Which format should I use?

If you have control on the file format that your data is stored in, we recommend using JSON for the following reasons:

  • JSON has good support with Typst, through the built-in function json. Also it is a universal and human-readable format.
  • JSON data is typed, i.e., there are strings, ints, floats, arrays, and objects (dictionaries) and the Typst function json automatically converts these types to Typst types (unlike with CSV).
  • Along with data arrays, you can also store single variables or other pieces of data that you might need in the document. This is difficult with CSV.
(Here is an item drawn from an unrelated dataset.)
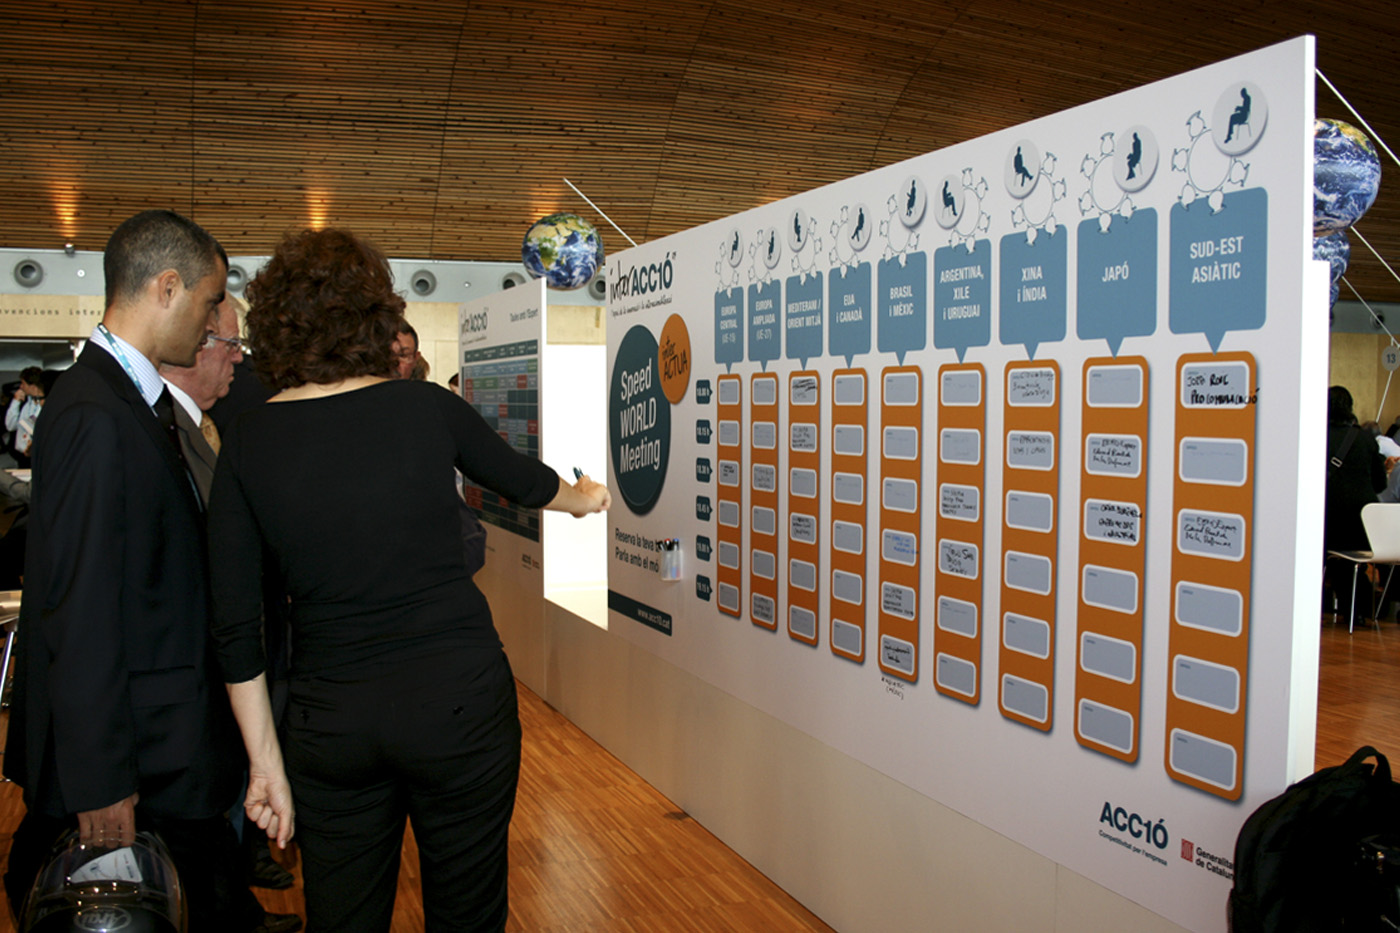 07-interaccio-stand-evento-disseny-grafic-creartiva-expositores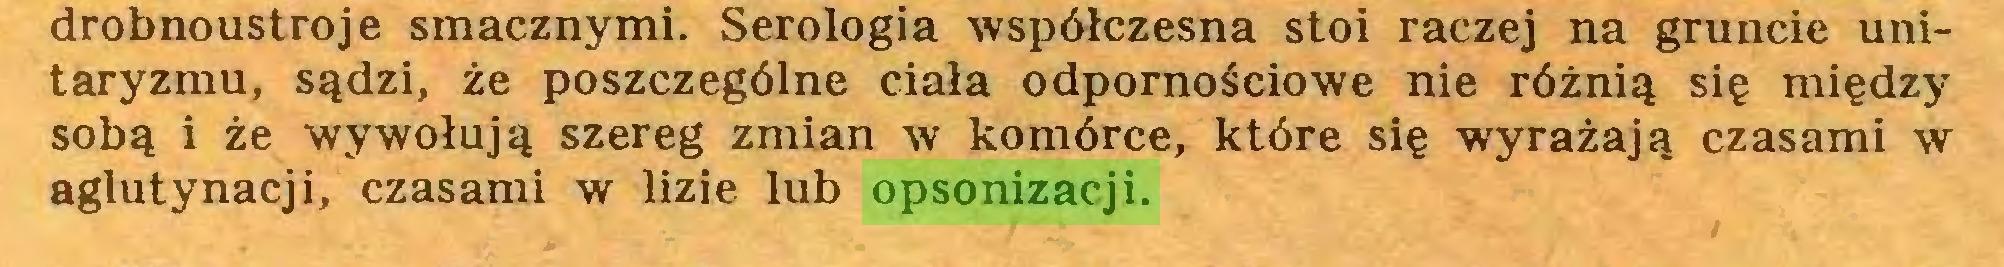 (...) drobnoustroje smacznymi. Serologia współczesna stoi raczej na gruncie unitaryzmu, sądzi, że poszczególne ciała odpornościowe nie różnią się między sobą i że wywołują szereg zmian w komórce, które się wyrażają czasami w aglutynacji, czasami w lizie lub opsonizacji...

Of course, there might be special reasons to use some other file format. And oftentimes, you will just have to plot the contents of a file that you have been given by someone else. The function lq.load-txt for example can be used to read CSV-like files and addresses some limitations of the built-in Typst function csv.

Simple data set

Let's start with a data set of subjects with several attributes, stored in a JSON file.

subjects.json
{
"age": [19, 10, 45, 25, 32, 39],
"height": [165, 140, 170, 170, 176, 159],
"a": [300, 70, 333, 92, 12, 100],
"b": [10, 17, 1, 5.4, 2.4, 15],
"c": [12, 12]
}

In this example, we want to make a scatter plot with age and height on the xx and yy axes and attributes a and b encoded in marker size and color, respectively.

The built-in Typst function json loads the data and returns a dictionary with the given keys. Unlike with csv, the JSON values are typed and automatically converted to int or float, as needed.

Now we use destructuring syntax to access the four wanted attributes (note that the order in let (age, height, a, b) does not matter for dictionary destructuring). We simply discard the third property c because we don't need it.

#let (age, height, a, b) = json("subjects.json")

#lq.diagram(
xlabel: [age (years)],
ylabel: [height (cm)],
lq.scatter(age, height, size: a, color: b)
)

Multiple data sets

Let us look at a more complicated example with two data sets in one file, each one providing (fictional) time-dependent information about the wind strength in a specific city. In addition, the height above sea level (which we want to display in the title) is stored per city in the JSON file.

wind.json
{
"London": {
"height": 15,
"hour": [8, 10, 12, 14, 16, 18],
"wind": [5, 8, 2, 3, 4, 5],
"gusts": [7, 14, 10, 8, 7, 8]
},
"São Paolo": {
"height": 762,
"hour": [8, 10, 12, 14, 16, 18],
"wind": [1, 2, 2, 3, 2, 1],
"gusts": [2, 2.2, 2.3, 3.5, 4, 2]
}
}

Iterating over the entries in the data set, we now generate a diagram for each city.

#let data = json("wind.json")

#for (city, details) in data {

let (hour, wind, gusts) = details

lq.diagram(
title: [#city -- #(details.height)m above sea level],

xlabel: [hour],
ylabel: [velocity (m/s)],

lq.plot(hour, wind, label: [wind]),
lq.plot(hour, gusts, label: [gusts]),
)

h(4mm)
}

As you can see, with JSON files we can conveniently store and load data with a rich structure, naturally accessing the respective fields.